My cancer was not visible in a mammogram; If I hadn’t asked my doctor for an ultrasound prescription and been given one, I would be walking around today thinking I was fine. An oncology nurse told me that she believed dense breasts, like family history, should be considered a high-risk marker for a woman’s likelihood of developing breast cancer. It’s time to do it obligatory that anyone with dense breasts gets a sonogram/ultrasound without asking or insisting. Early detection is paramount.
Second, it shouldn’t be that hard to get an appointment prescribed by a doctor. It’s not plastic surgery; it’s cancer. I’ve heard horror stories of people waiting months for appointments, desperately calling everyone they know for help finding a doctor. It’s outrageous that our healthcare system forces you to play the game of who you know when it comes to treatment plans. People’s lives are at stake. In this waiting space, tidal waves of paralyzing anxiety creep in; I cried asking for a date on more than one occasion.

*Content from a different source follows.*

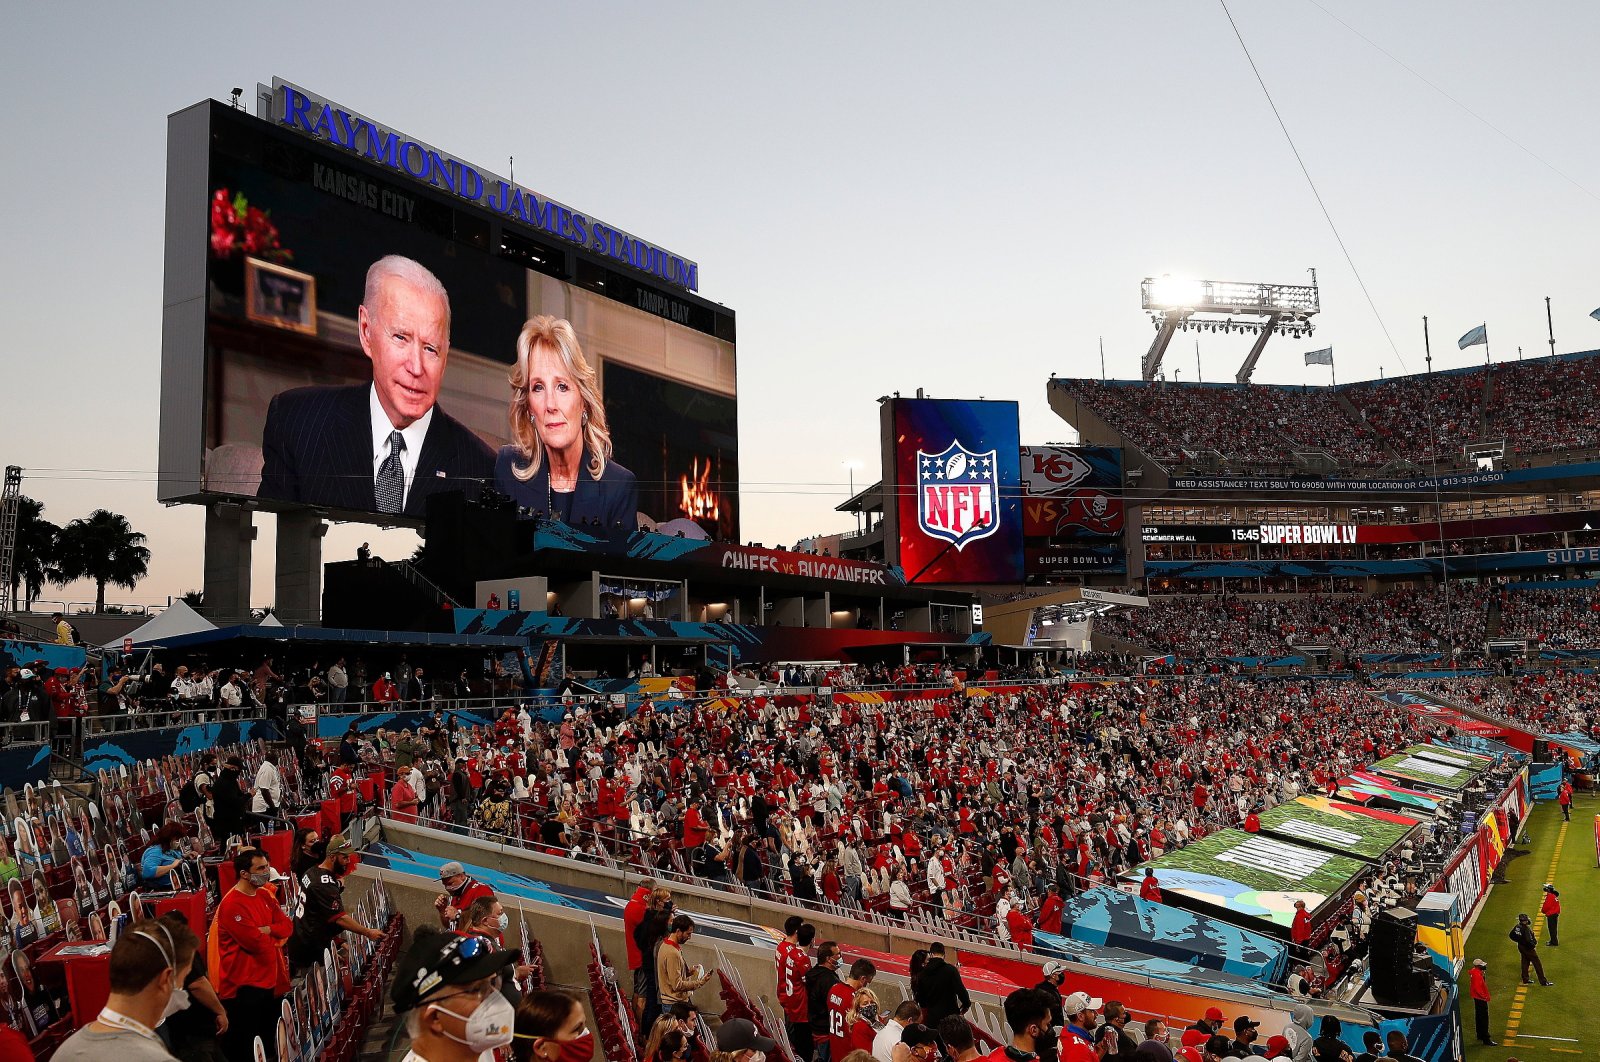 U.S. President Joe Biden and first lady Dr. Jill Biden address NFL Super Bowl LV between the Tampa Bay Buccaneers and the Kansas City Chiefs at Raymond James Stadium, Tampa, Florida, U.S., Feb. 7, 2021. (EPA Photo)

If you can’t get an appointment quickly, be boring. Involve your attending physician on your behalf. Call the office of the specialist you are trying to make an appointment with and speak to a nurse and an office manager. Explain that it is urgent. Ask to be added to a cancellation list. Be flexible to drop everything if called with last minute availability.
It’s only been a few months, and sadly, I’ve already learned more than I ever wanted to know about navigating cancer. It was the toughest mental challenge of my life. Fear is debilitating. I’m learning to be present and positive and to accept what I can’t control.
Finally — and this is really the most important thing — I implore you, especially if you’re a journalist like me: if you’re not enrolled in the health program and you were at the World Trade Center site on 9/11 or every day in the following months… what are you waiting for? The federally funded program is here to help. And believe me, if you are diagnosed with cancer, you will need help.
Farinacci, a former NY1 reporter, is a press secretary for the New York Fire Department.